Newswise — Should doctors around the country use e-prescribing to decrease prescription errors? A study led by physician-scientists from Weill Cornell Medical College found that health care providers using an electronic system to write prescriptions were seven times less likely to make errors than those writing their prescriptions by hand. The study appears today in the online edition of the Journal of General Internal Medicine.

There is currently a strong push in the United States to encourage doctors to write electronic prescriptions in the ambulatory setting, where an estimated 2.6 billion drugs are provided, prescribed or continued. According to the study's authors, demonstrating improvements in safety with electronic prescribing is important to encourage its use, especially among community providers in solo and small group practices who mostly write prescriptions by hand.

"We found nearly two in five handwritten prescriptions in these community practices had errors," says Dr. Rainu Kaushal, the study's lead author and associate professor of pediatrics, medicine and public health, and chief of the Division of Quality and Medical Informatics at Weill Cornell Medical College. "Examples of the types of errors we found included incomplete directions and prescribing a medication but omitting the quantity. A small number of errors were more serious, such as prescribing incorrect dosages."
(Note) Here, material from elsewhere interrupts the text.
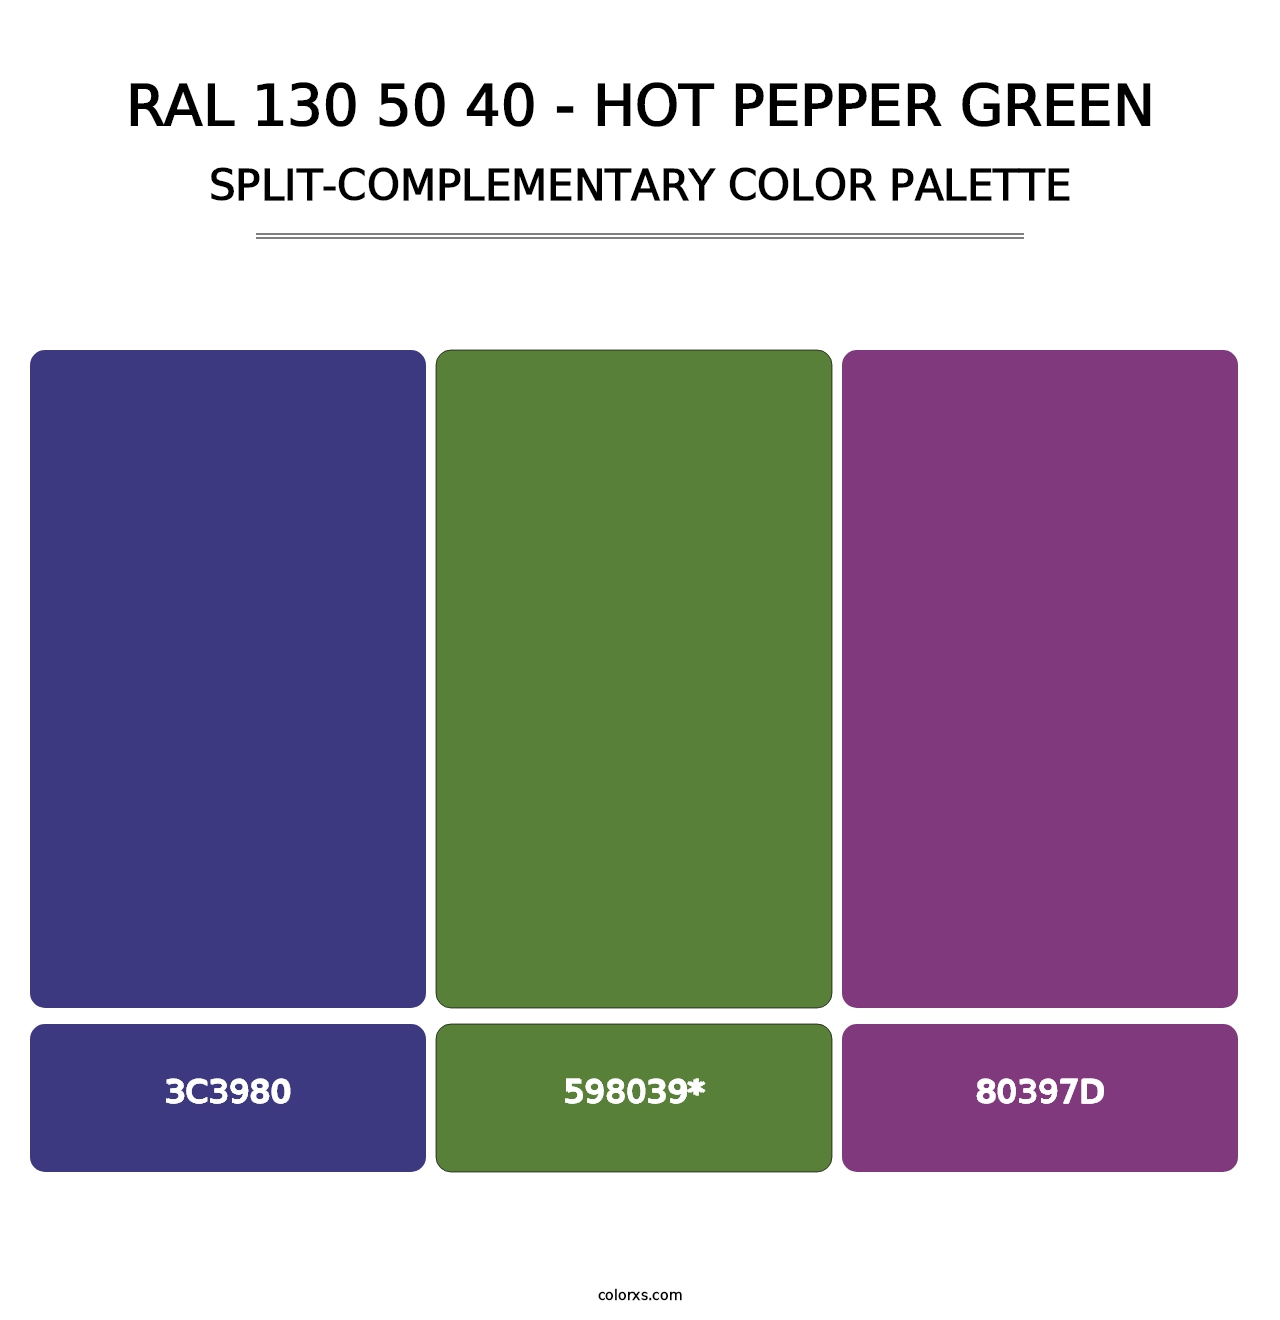 RAL 130 50 40 - Hot Pepper Green - Split-Complementary Color Palette

"Although most of the errors we found would not cause serious harm to patients, they could result in callbacks from pharmacies and loss of time for doctors, patients and pharmacists," says senior author Dr. Erika Abramson, assistant professor of pediatrics at Weill Cornell Medical College and a pediatrician at the Komansky Center for Children's Health at NewYork-Presbyterian Hospital/Weill Cornell Medical Center. "On the plus side, we found that by writing prescriptions electronically, doctors can dramatically reduce these errors and therefore these inefficiencies."

"At a time when the federal government and many state governments, led by New York state, are pushing for increased use of information technology to improve the delivery of health care, it is important that physicians are aware of how technology like electronic prescribing systems can improve the safety and value of care they give patients," says Dr. Kaushal, who is also director of pediatric quality and safety for the Komansky Center for Children's Health at NewYork-Presbyterian Hospital/Weill Cornell Medical Center. "It is also important that electronic prescribing systems are easy for health care providers to use, fit well into their workflow, and that providers have technical assistance to help them install and maintain these systems."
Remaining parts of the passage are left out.